Policy-based-RL

Repo containing implementation of some policy-based RL agents, starting from scratch. All of them are tested on cartpole environment.

Actor-Critic setup

At the moment my focus is on Advantage Actor Critic (A2C), that is implemented with two different options to estimate the advantage:

Temporal Difference estimate: A(s,a) = r(s,a) + gamma * V(s') - V(s)
Monte Carlo estimate: A(s_t,a_t) = \sum_{t'=t}^T gamma^{t'-t} * r(s_t',a_t') - V(s_t)
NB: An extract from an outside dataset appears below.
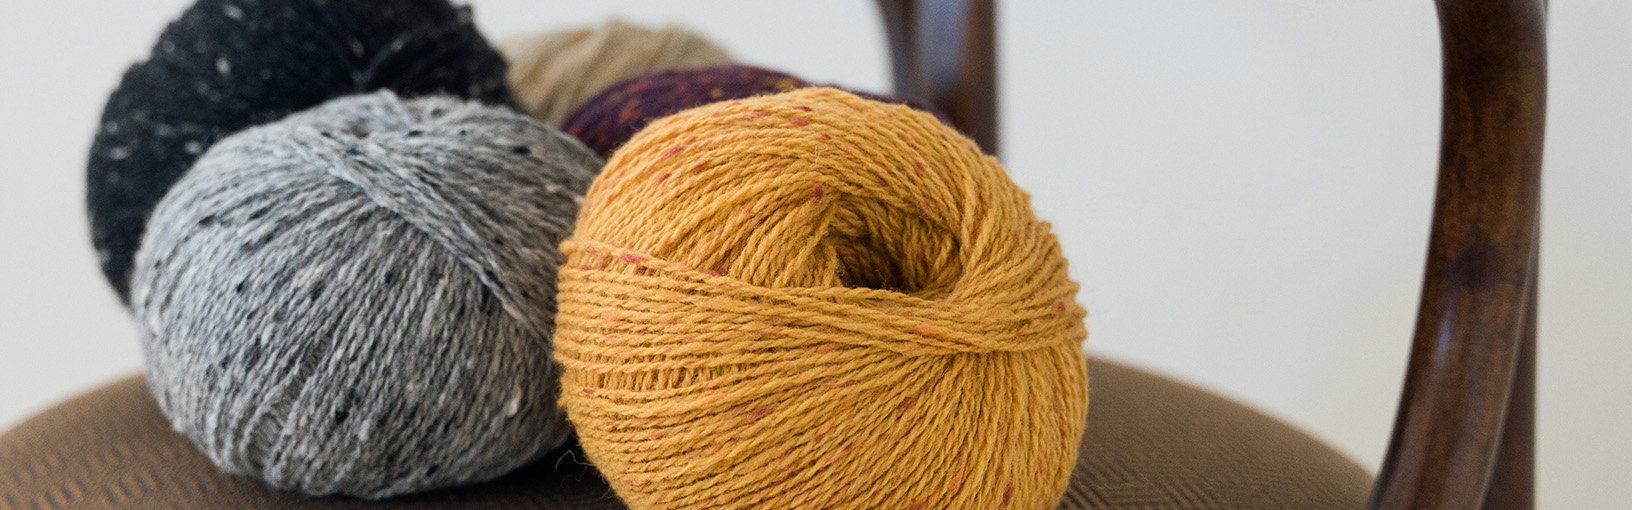 High quality yarns for knitting, crocheting & felting Lana Grossa Yarns | Sock yarns | Hand-dyed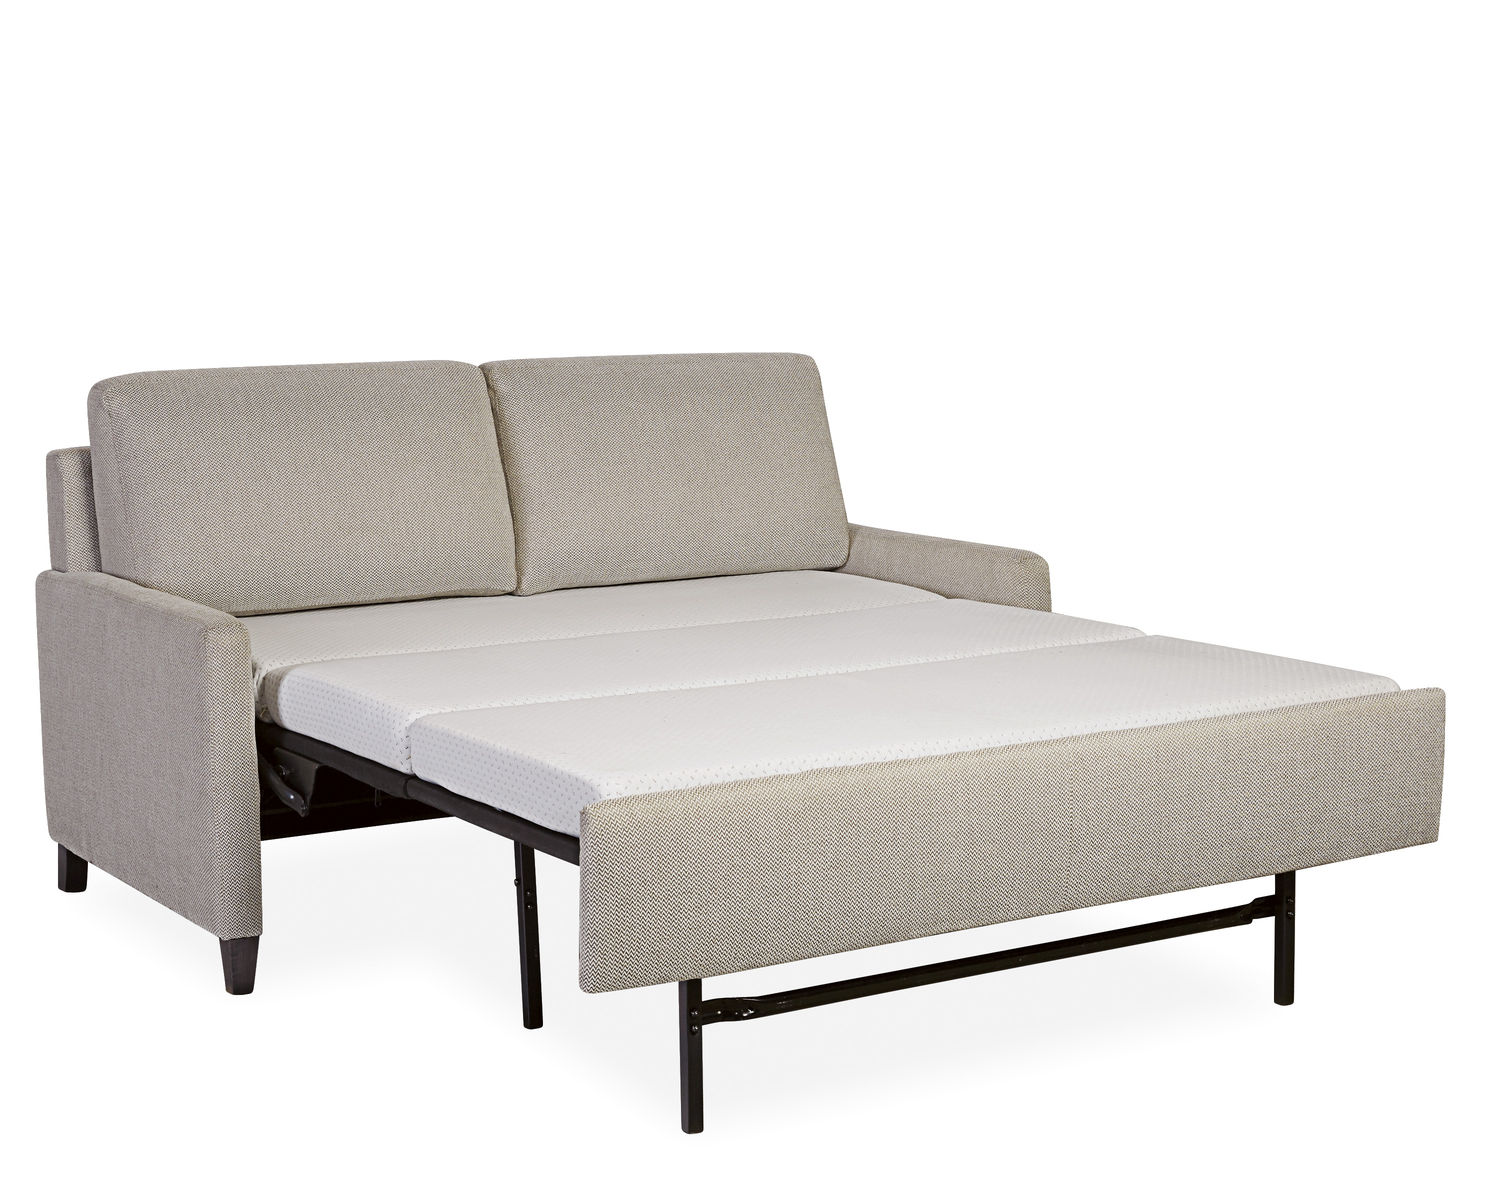 solid platform foam mattress sleeper sofa

Also I introduced two tricks discussed in the Soft Actor-Critic papers, that are:

Use 2 networks for the critic and take the minimum between the two estimates to compute the advantages; this is a kind of conservative critic that improves stability.
Use a detached target for the critic, that is used to train the critic by estimating what its target should be and is updated through an exponential moving average (i.e. at each update the target retains (1-tau) percentage of the old weights and acquires tau of those of the critic after the update, so it forgets its own weights with an exponential suppression in the number of updates; $\tau$ is called target smoothing coefficient, but can be thought as the forget rate of the target old weights).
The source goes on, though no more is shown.